Legal Basis: Why SMEs Need a Compliance Function
The compliance obligation for companies under German law arises primarily from § 130 OWiG. Under this provision, anyone who, as the owner of a business or enterprise, intentionally or negligently fails to take supervisory measures necessary to prevent violations within that business or enterprise is acting unlawfully. The risk of fines extends to €10 million; for companies, an additional corporate fine may be imposed under § 30 OWiG.
In addition, IDW PS 980, as a recognised auditing standard, prescribes what a proper Compliance Management System (CMS) must encompass: compliance culture, compliance objectives, compliance risks, compliance programme, compliance organisation, compliance communication and compliance monitoring. This seven-element framework is the benchmark against which external auditors and courts assess the quality of a CMS.
In Austria, the Commercial Code (UGB) applies in conjunction with the GmbHG and criminal business law. In Switzerland, the Code of Obligations (OR) and the Administrative Criminal Law Act (VStrR) provide similar impetus. An external Compliance Officer operating in the DACH region must know these differences and take them into account in their work. Details of the tasks of the Compliance Officer are available on the corresponding CIVAC page.

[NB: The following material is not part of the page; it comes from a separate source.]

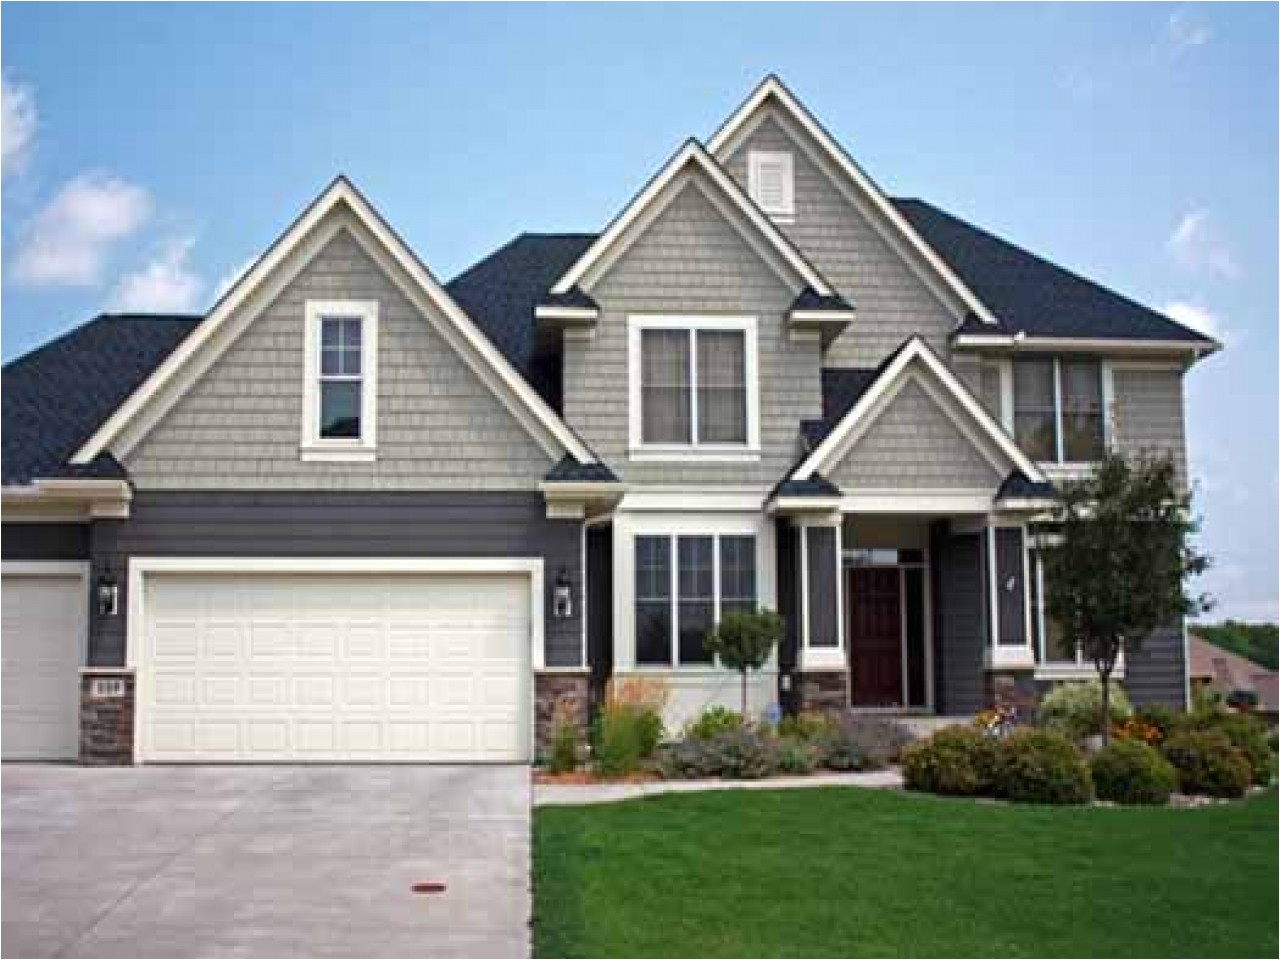 728a70477d3f5c9e historic 2 story craftsman style 2 story craftsman style house plans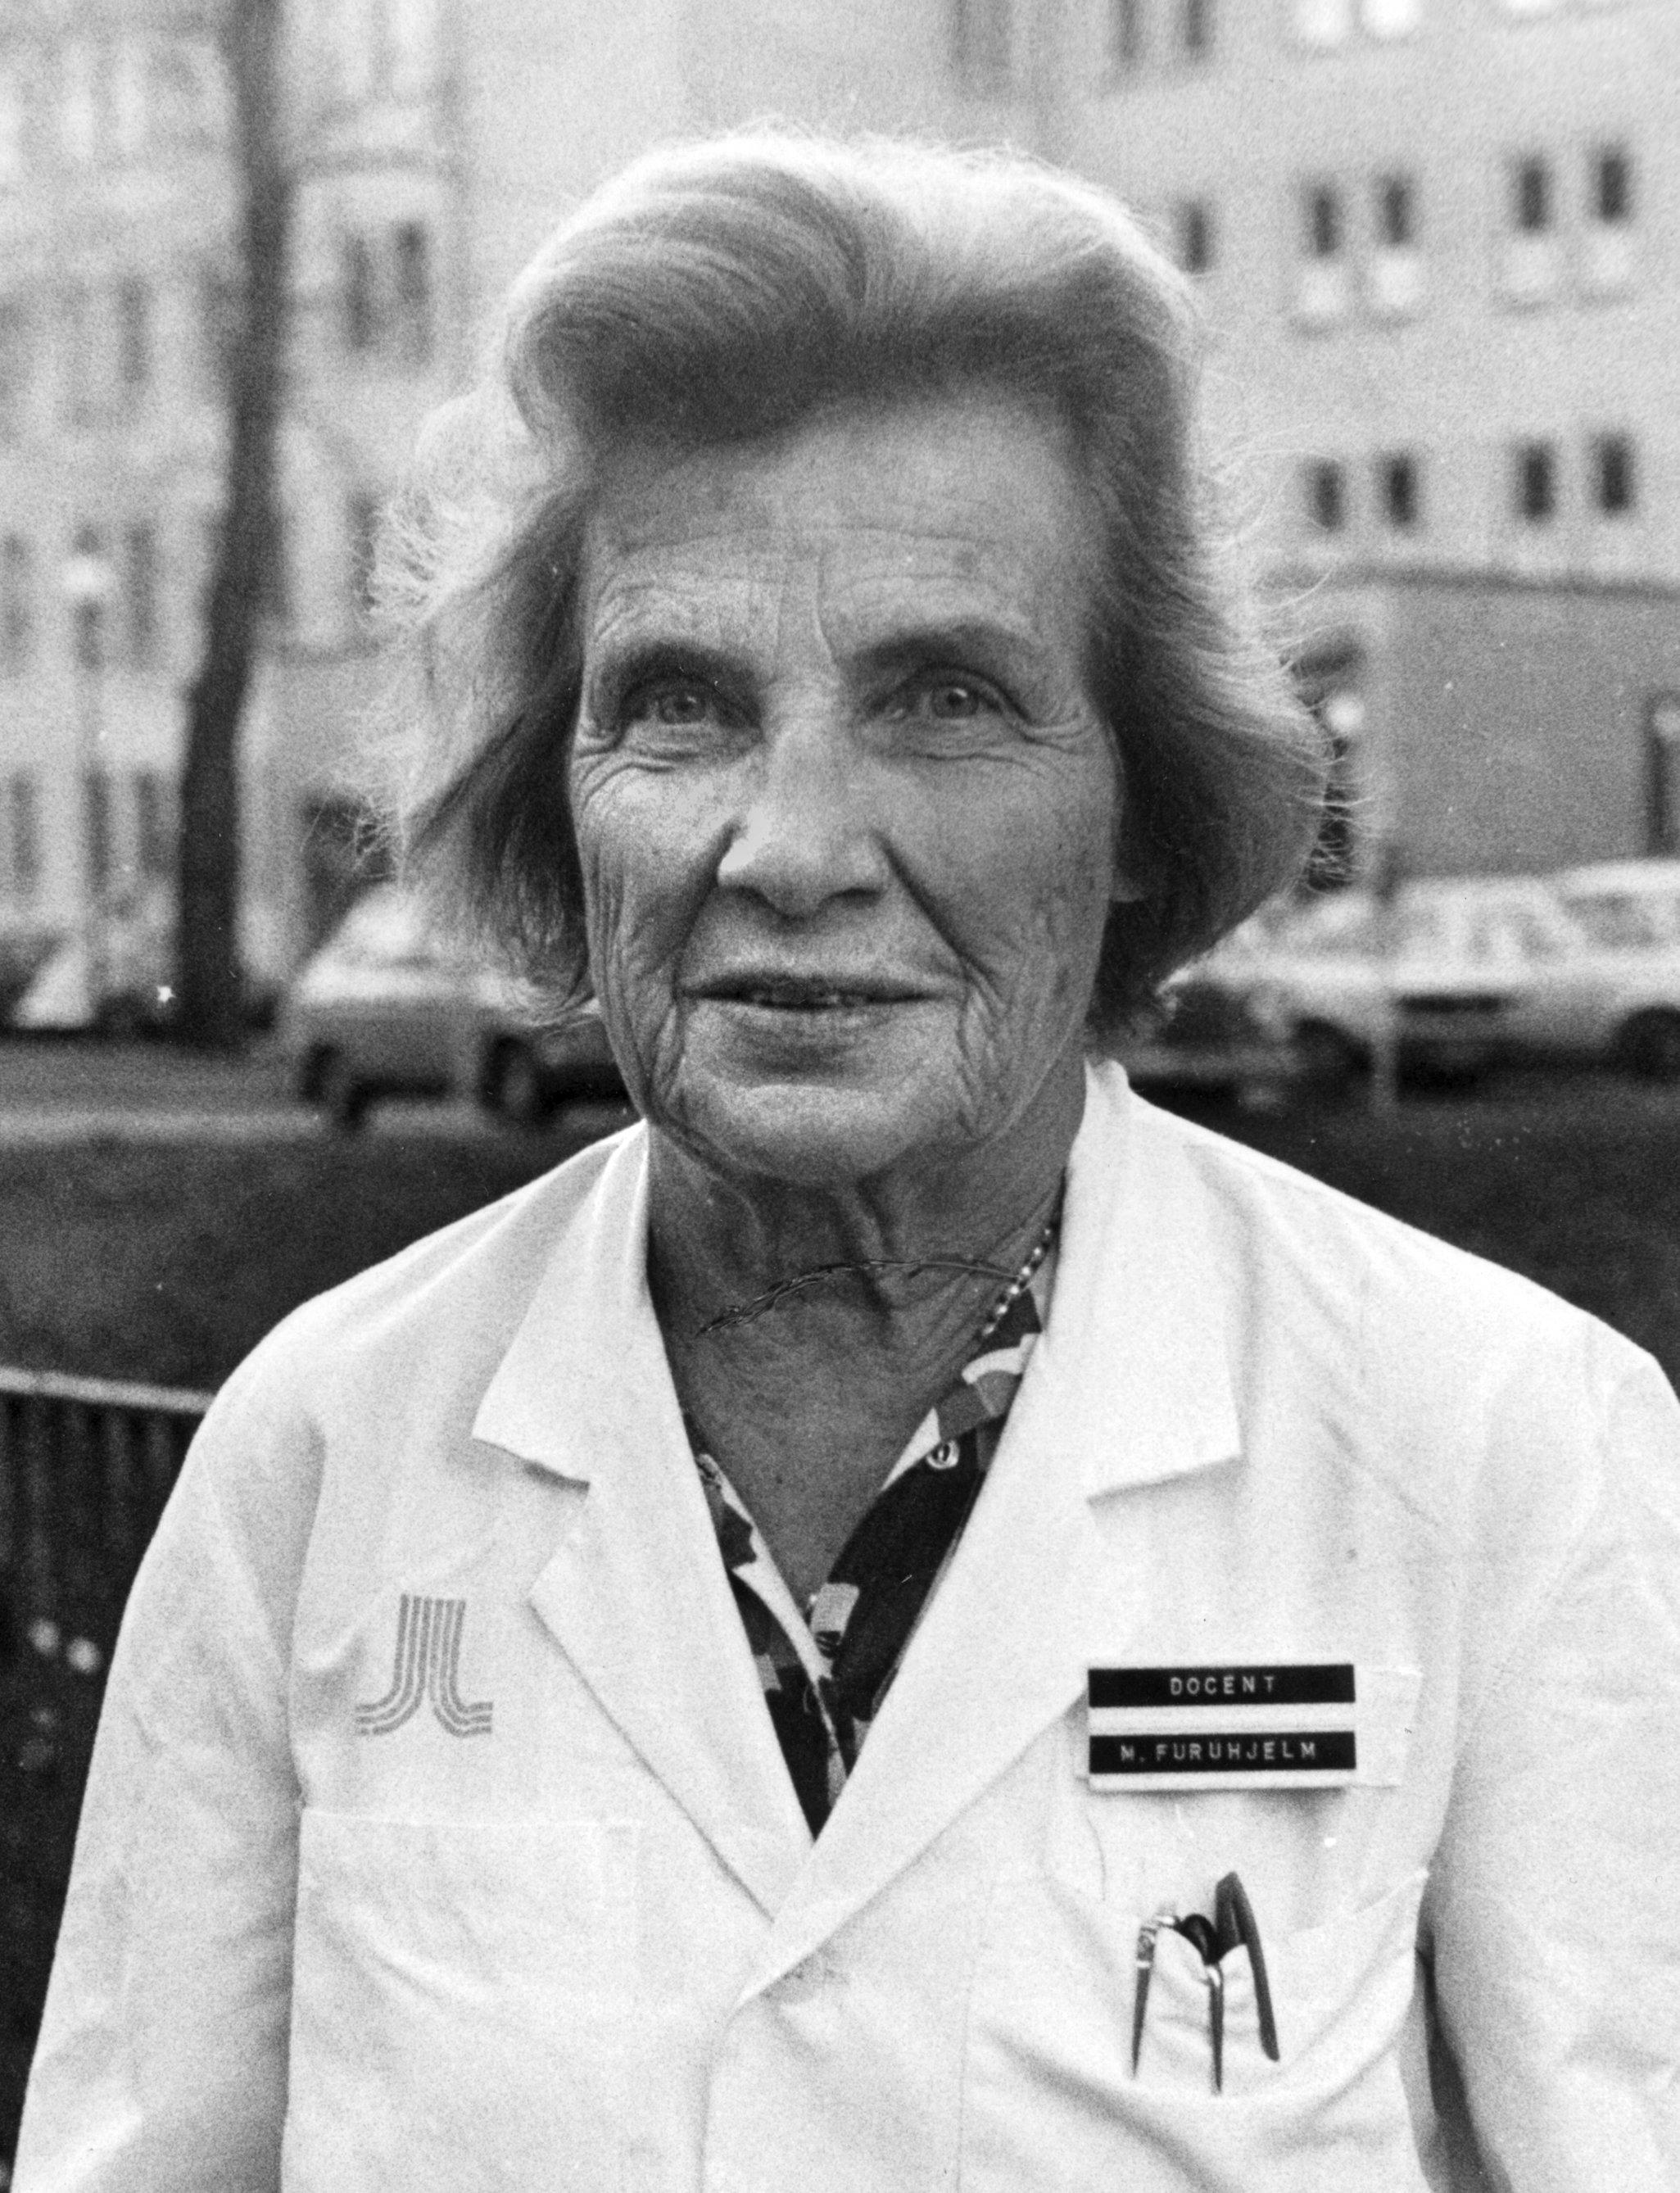 Mirjam Furuhjelm, 1975. Photo: Leif R Jansson (TT)

Tasks of the External Compliance Officer: What the Mandate Covers
The Compliance Officer is not an inspector but the architect and operator of the Compliance Management System. Core tasks include:
- Compliance risk analysis: Identification of the compliance risks relevant to the company — by sector, geography and internal control status. The basis is a structured inventory of applicable laws, regulations and standards.
- Compliance programme: Policies, Code of Conduct, approval procedures for critical transactions (donations, sponsorship, consultancy agreements), four-eyes principle arrangements.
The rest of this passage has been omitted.